The earlier approach — scanning tmux pane content for strings like ❯ (prompt), spinning
cursors (working), Continue? (y/n) (permission) — worked but was fragile. A model
output that happened to contain ❯ would flip the state indicator. The wrong font could
break spinner detection.
qalcode2 exposes /session/status (polling) and /event (SSE stream).
monitor.py subscribes to the SSE stream for every running instance, getting state transitions pushed
instantly rather than inferred. This is why the status bar shows the correct state in real time
rather than lagging behind the visual.
State icons
| Icon | Colour | Meaning |
|---|---|---|
◉ | Green | AI actively working — streaming or running tools |
● | Red | AI idle — waiting for your next message |
! | Orange | Permission needed |
◆ | Blue | Just finished, not yet acknowledged |
─ | Grey | Pane exists, no AI started |
○ | Dim | Plain shell |
✗ | Red blink | Error |
Commands
gmux # Full mode: gesture + voice + status
gmux --status-only # Just the status bar — no camera, no mic
gmux --no-gesture # Voice + status, camera free
gmux tui # Interactive Textual dashboard
gmux restore # Re-launch all agents from saved session
gmux restore --check # Preview what would be restored
gmux status # Quick pane state dump
What this version gets right
- Zero friction entry point.
pip install gmux && gmux --status-onlyworks immediately with no camera, no mic, no Tauri. Just a better tmux status bar. - Graceful degradation.

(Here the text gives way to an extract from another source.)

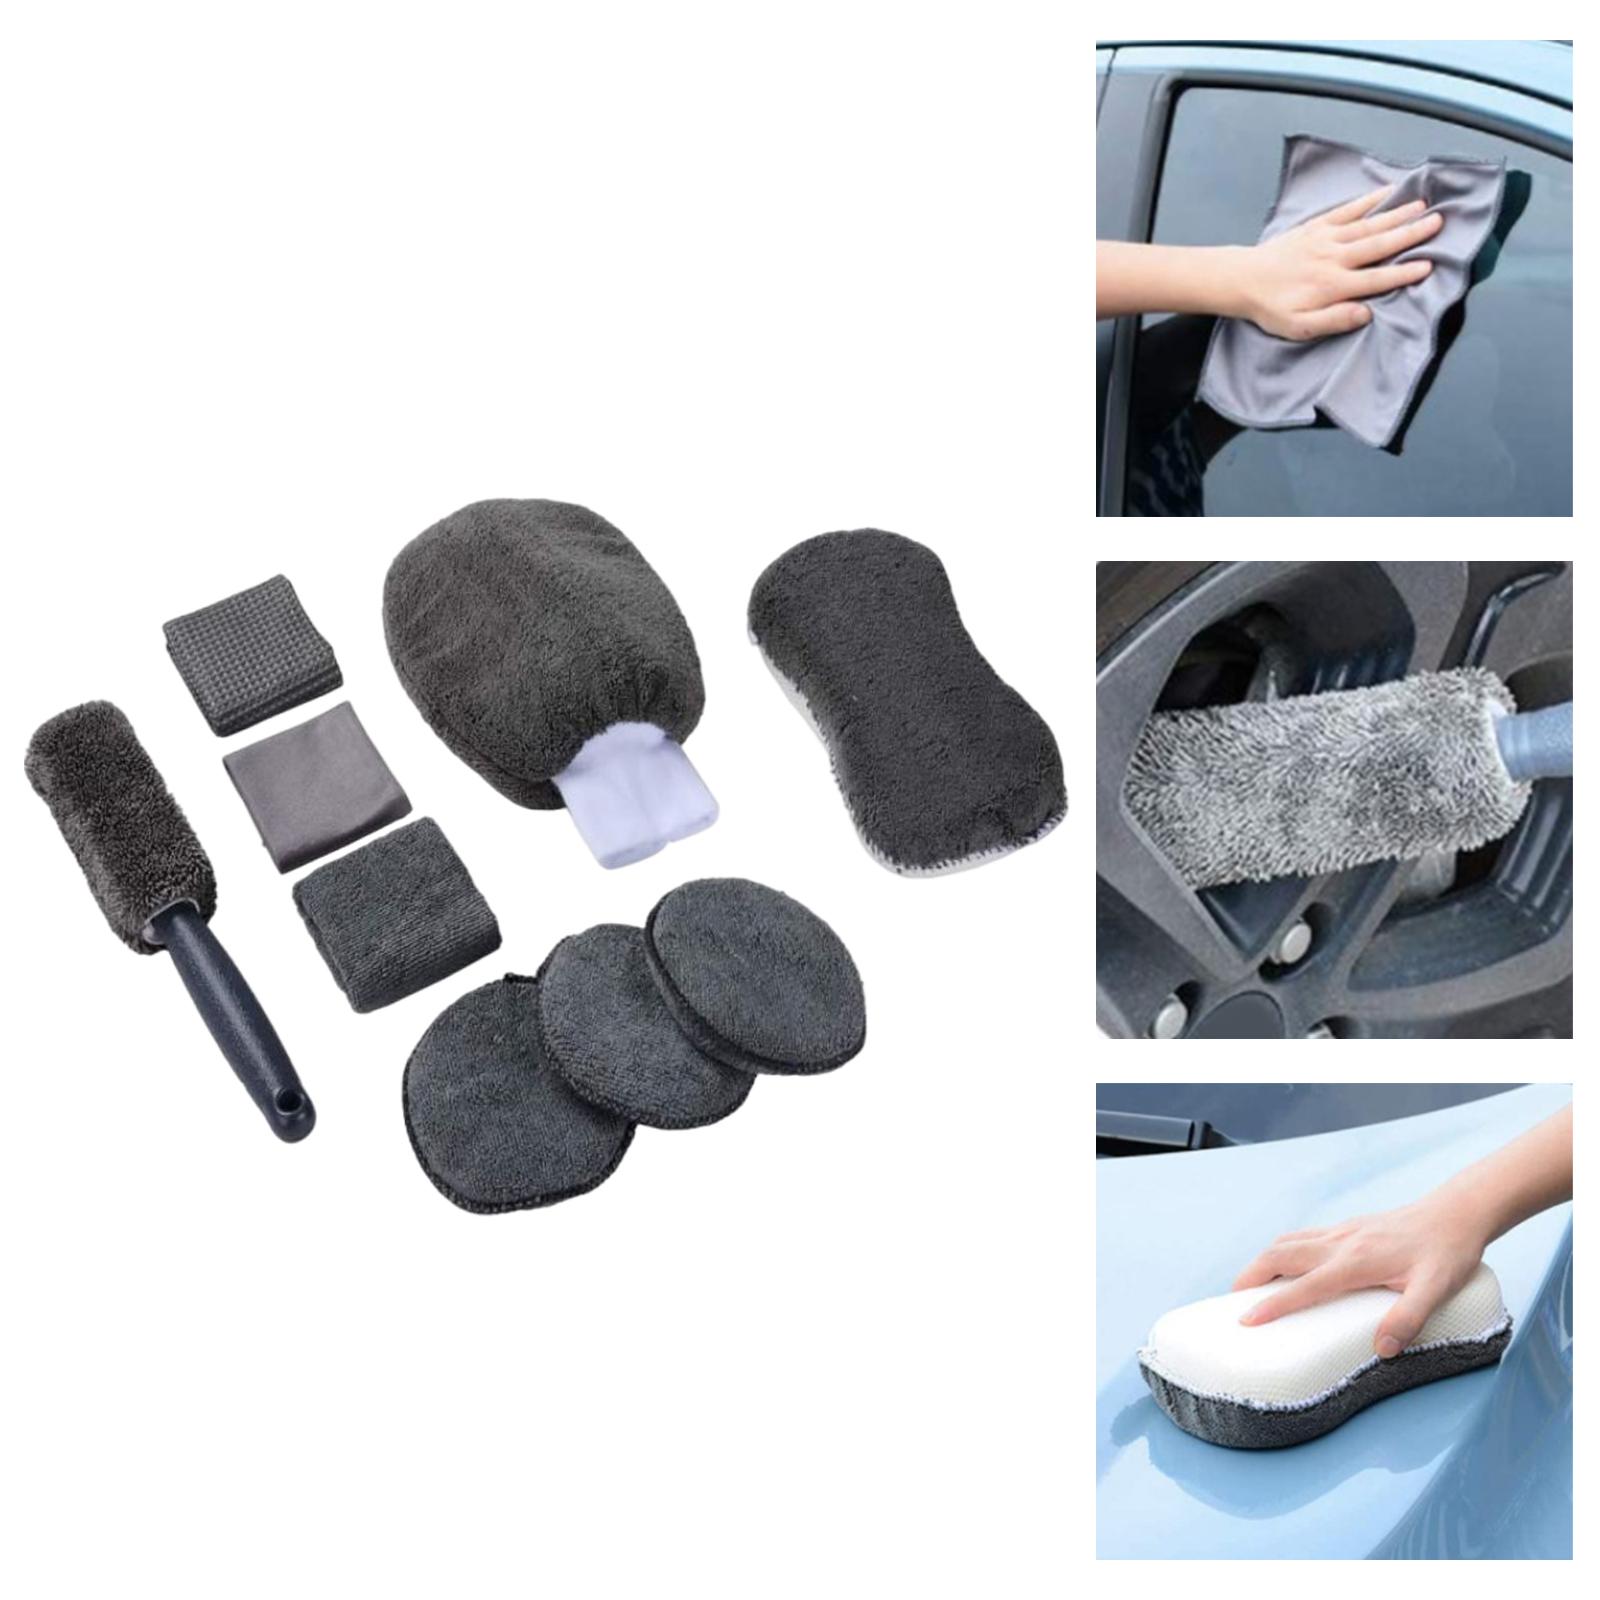 9x Car Cleaning Kit for Cleaning Wheels

--status-only,--no-gesture,--phoneflags let you use exactly as much of gmux as you want. - Stability. The terminal stack never crashes the terminal. If bridge.py dies, tmux keeps working. Nothing is load-bearing except tmux itself.
What this version lacks
The terminal stack has no visual pane for the gesture overlay. Point at a tmux pane with your hand and nothing can see you — the terminal doesn't have a camera feed. The gesture engine runs in a separate browser window, creating a fragmented experience.
Implementation 2 · browser overlay (Option A — abandoned)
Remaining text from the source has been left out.